──────── Exercise data

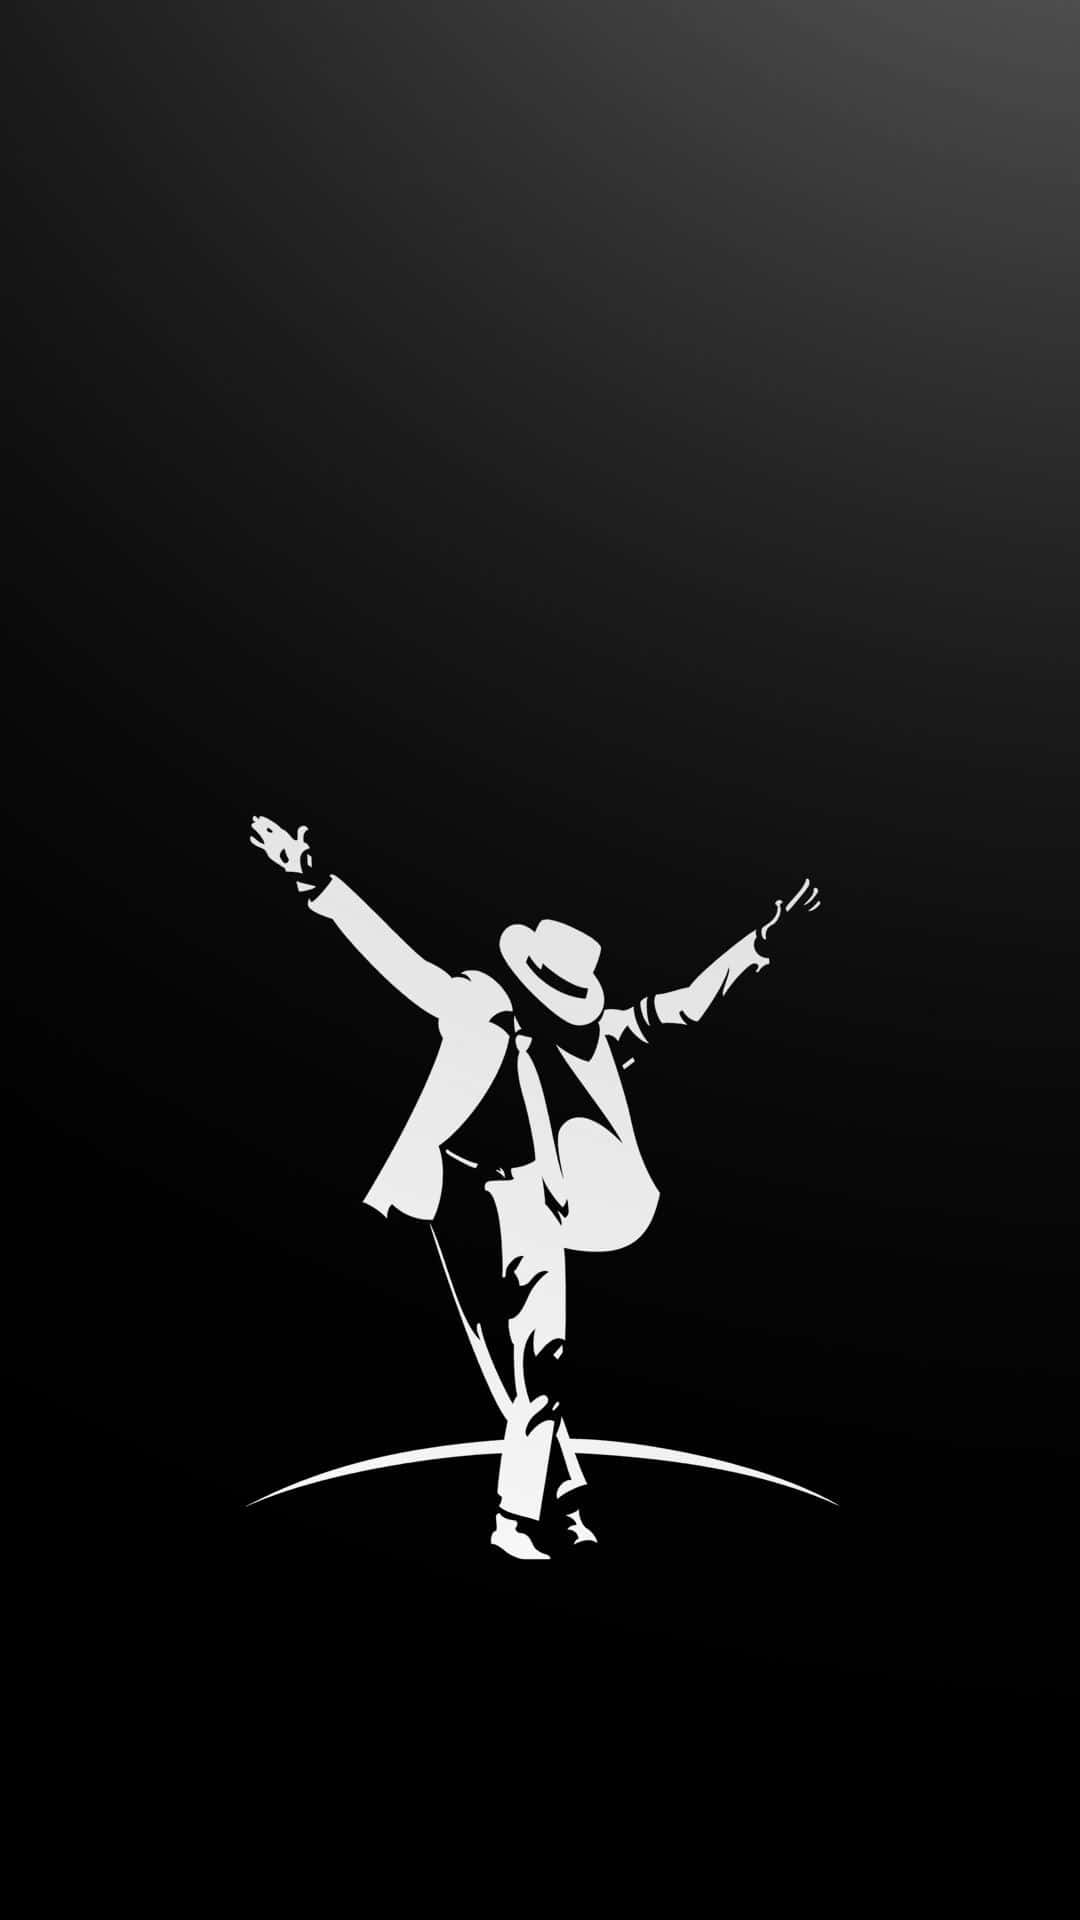 Michael Jackson -Slave To The Rhythm- by Maikomittsu on DeviantArt
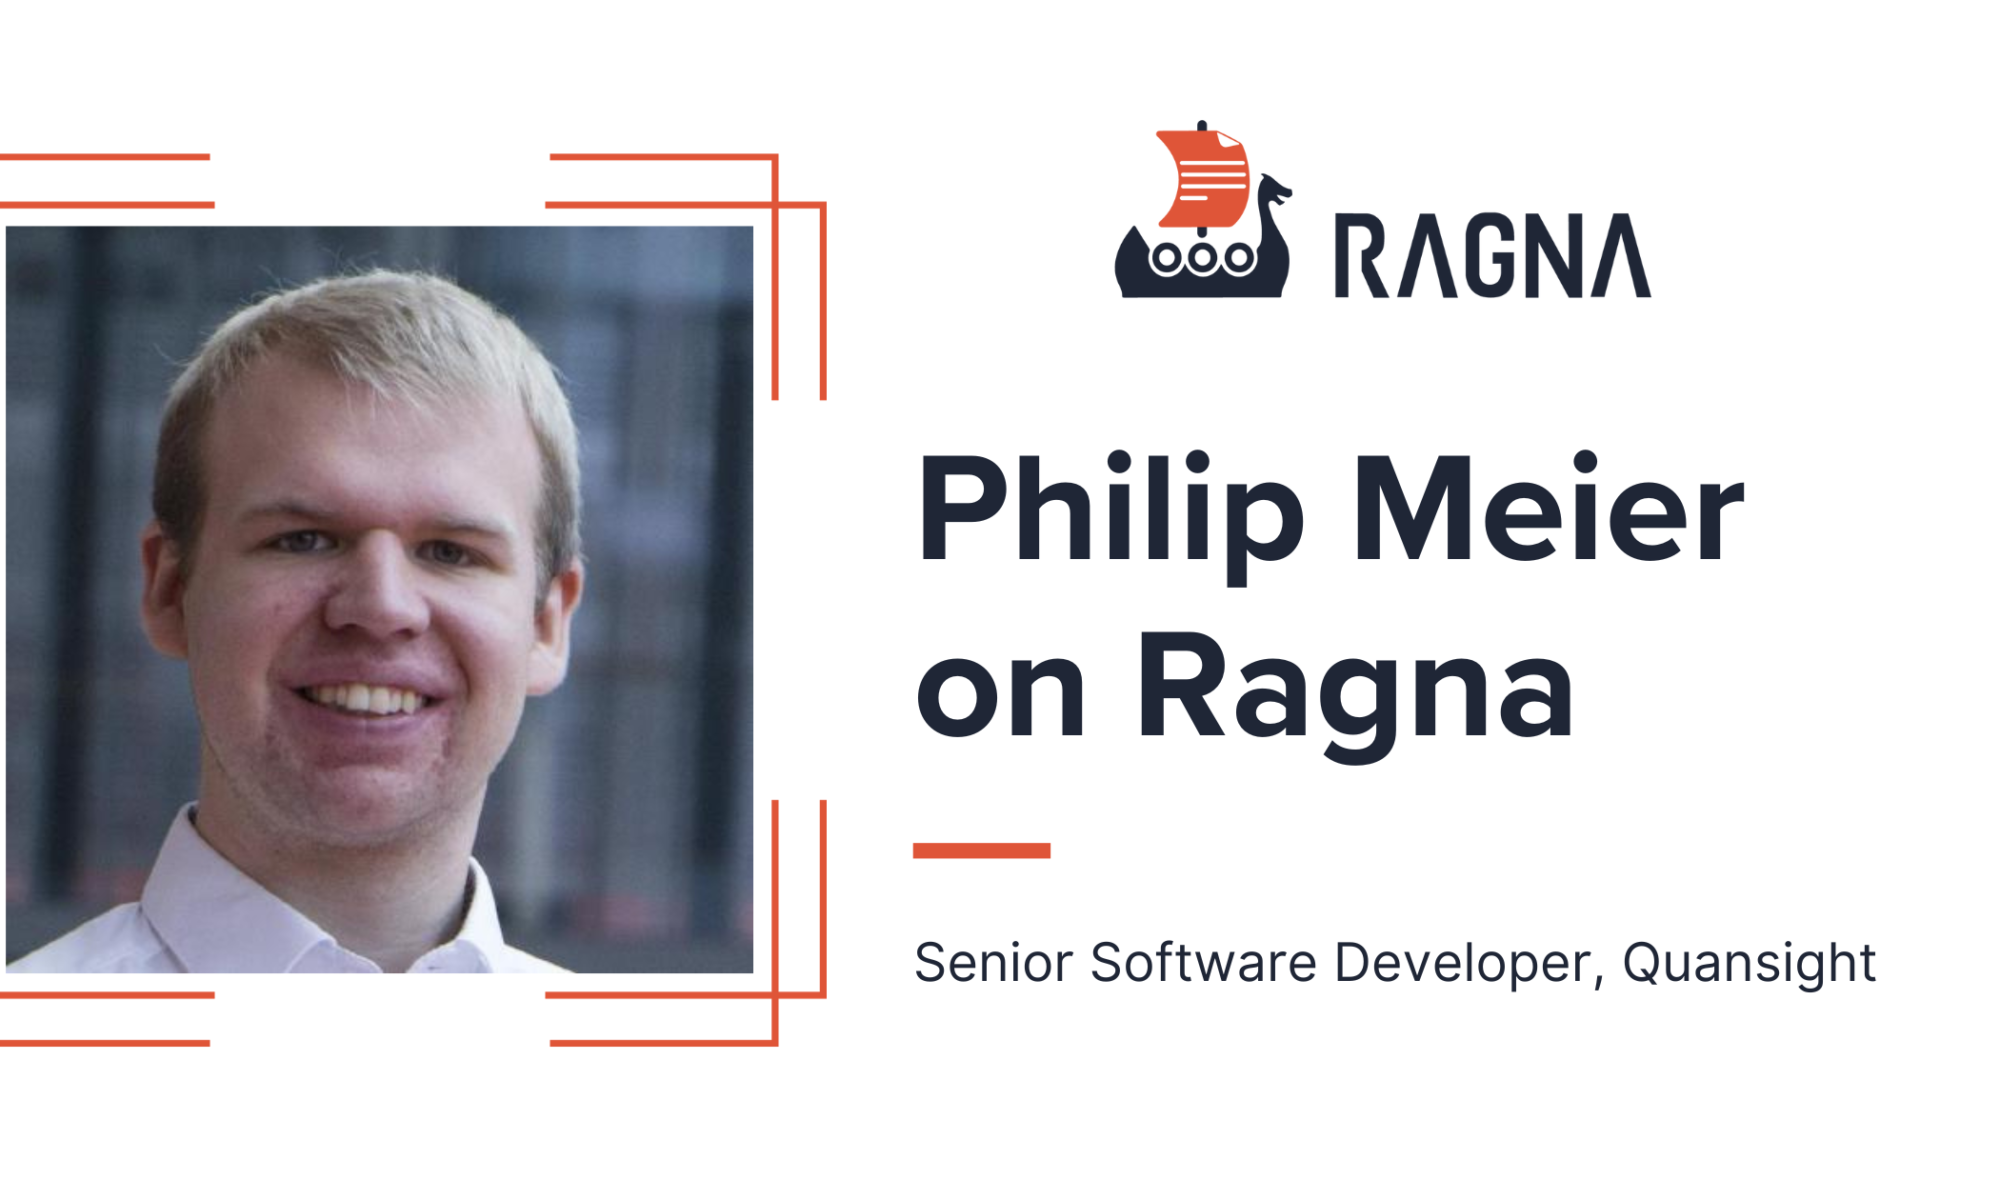 Image of Philip Meier, a core developer of Ragna
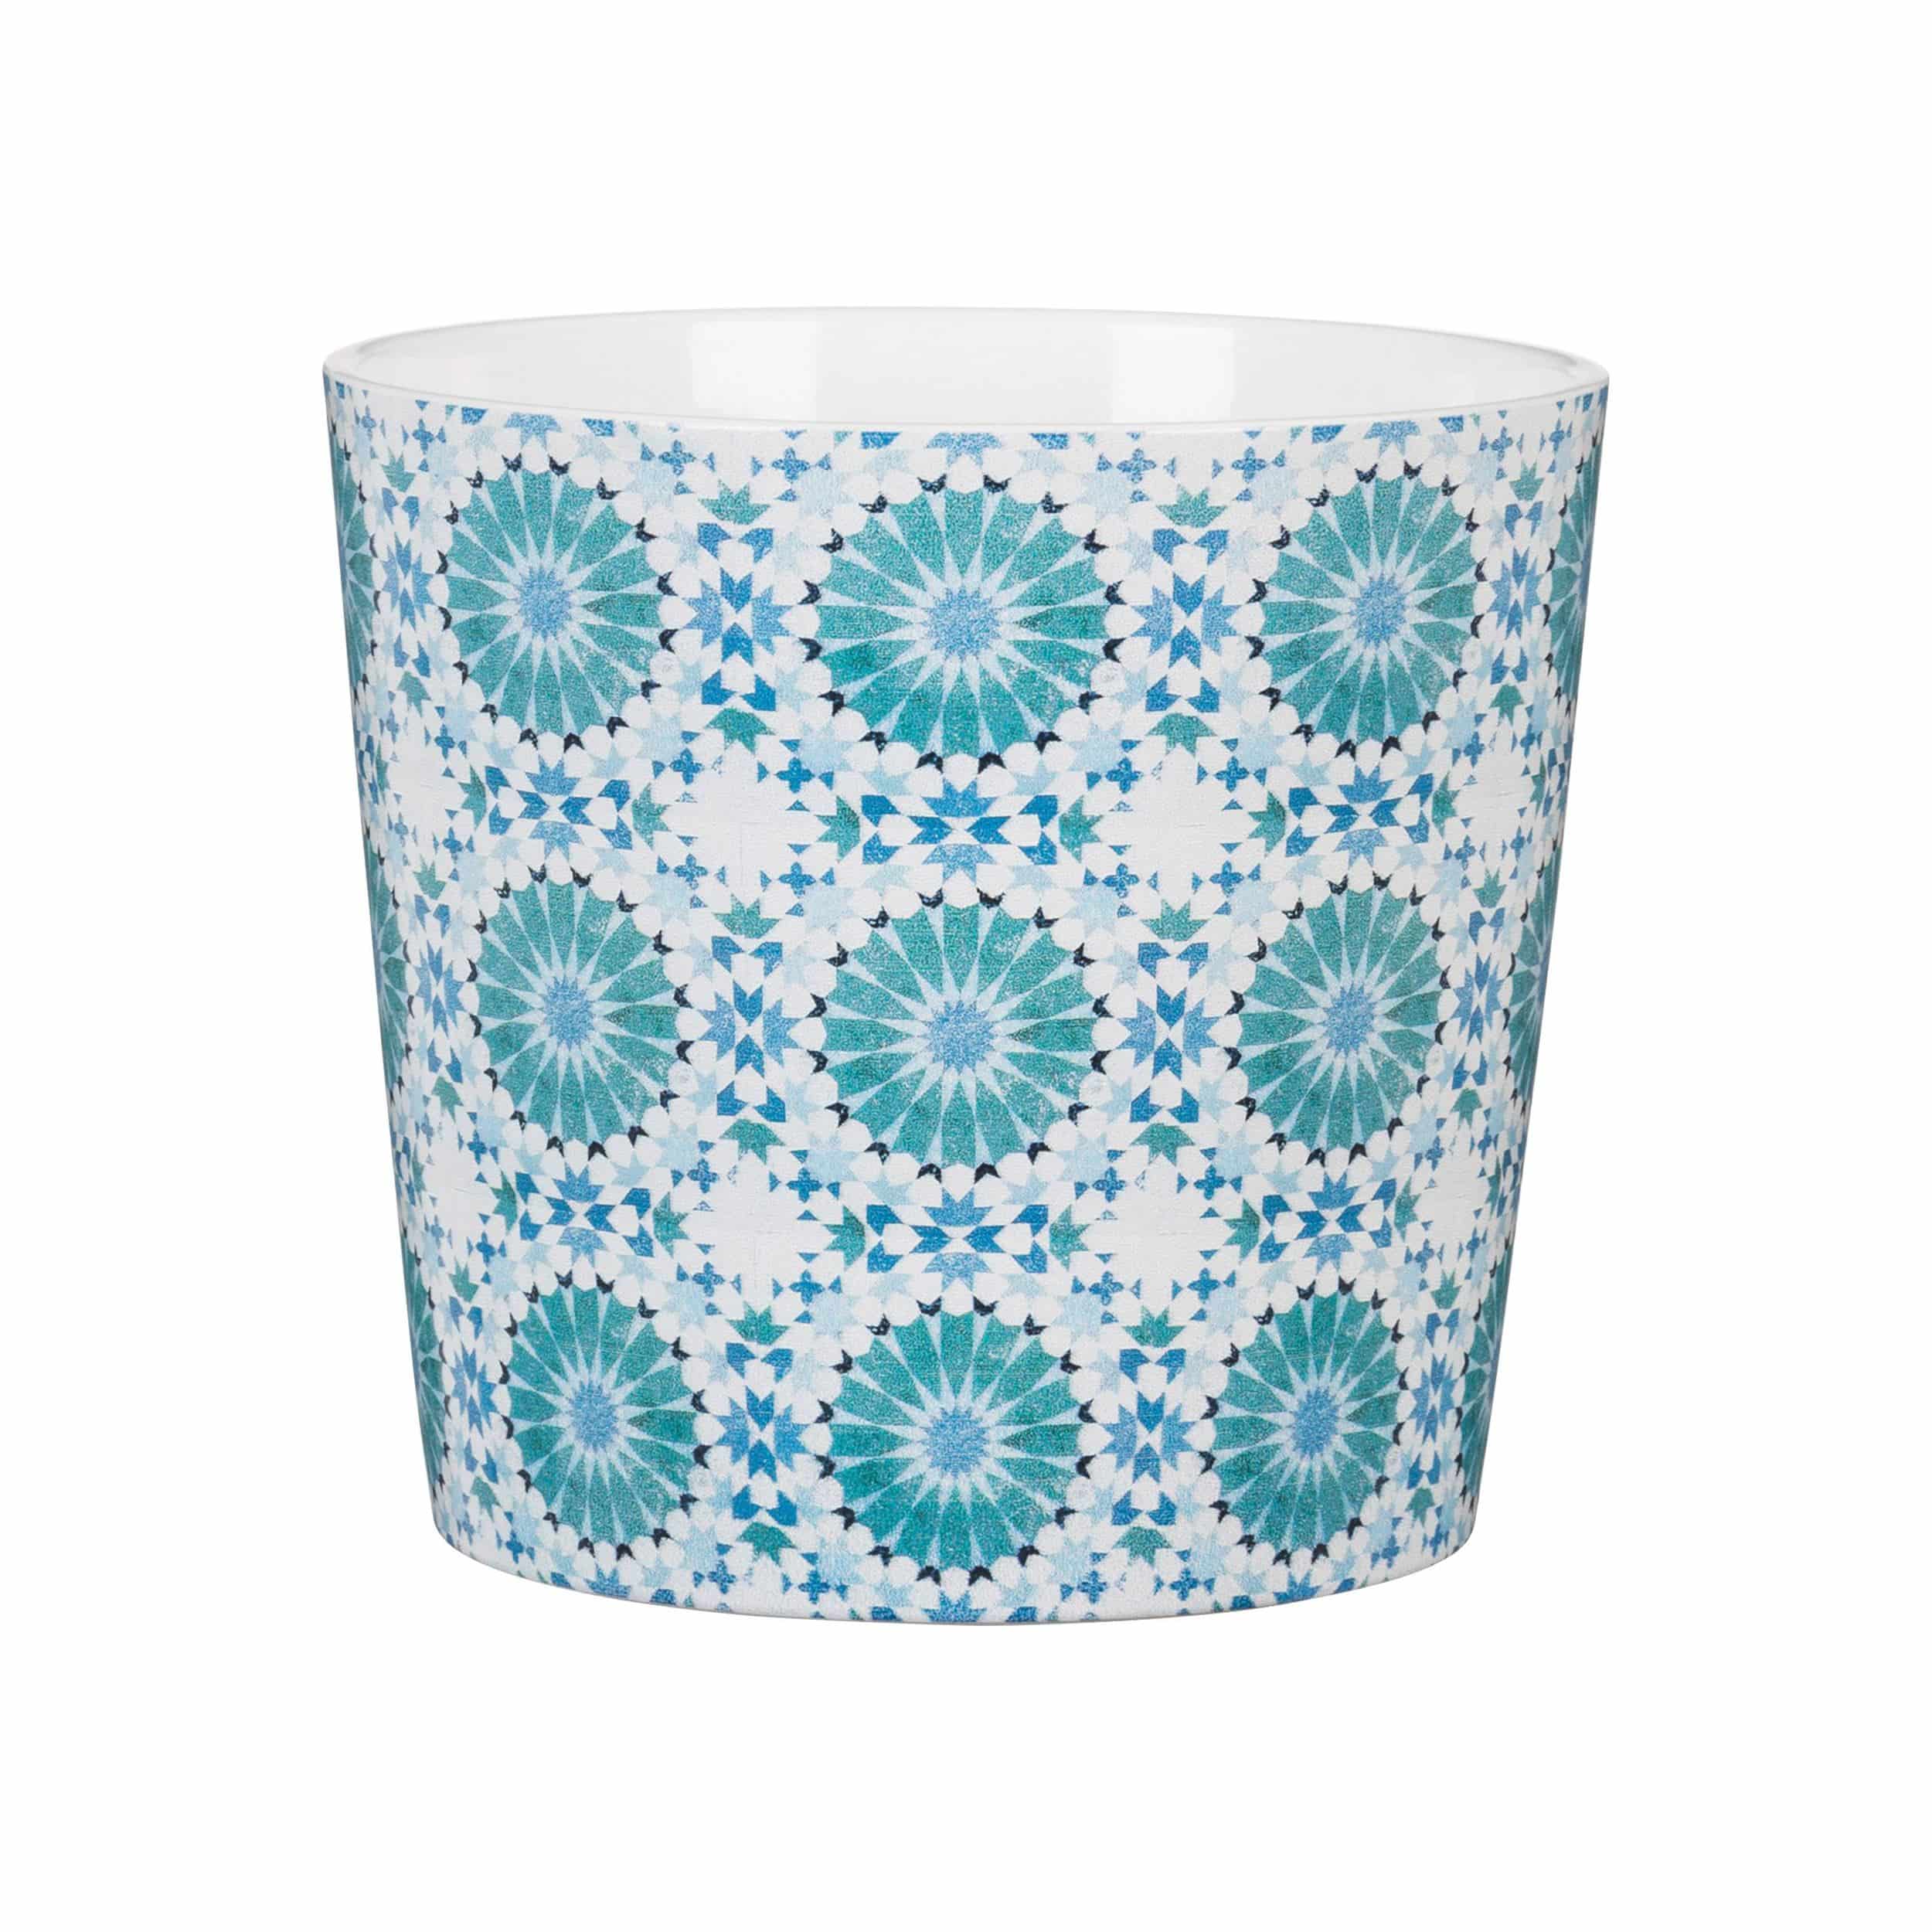 Keramik-Blumentopf Mosaic D15 cm blau-weiß

────────────────

_Exercise details_. Leaving out all pictures, repeat word for word the lines from the one containing "Image of Philip" through the final line of the material above.

_Output of the exercise_.
 Image of Philip Meier, a core developer of Ragna
 Keramik-Blumentopf Mosaic D15 cm blau-weiß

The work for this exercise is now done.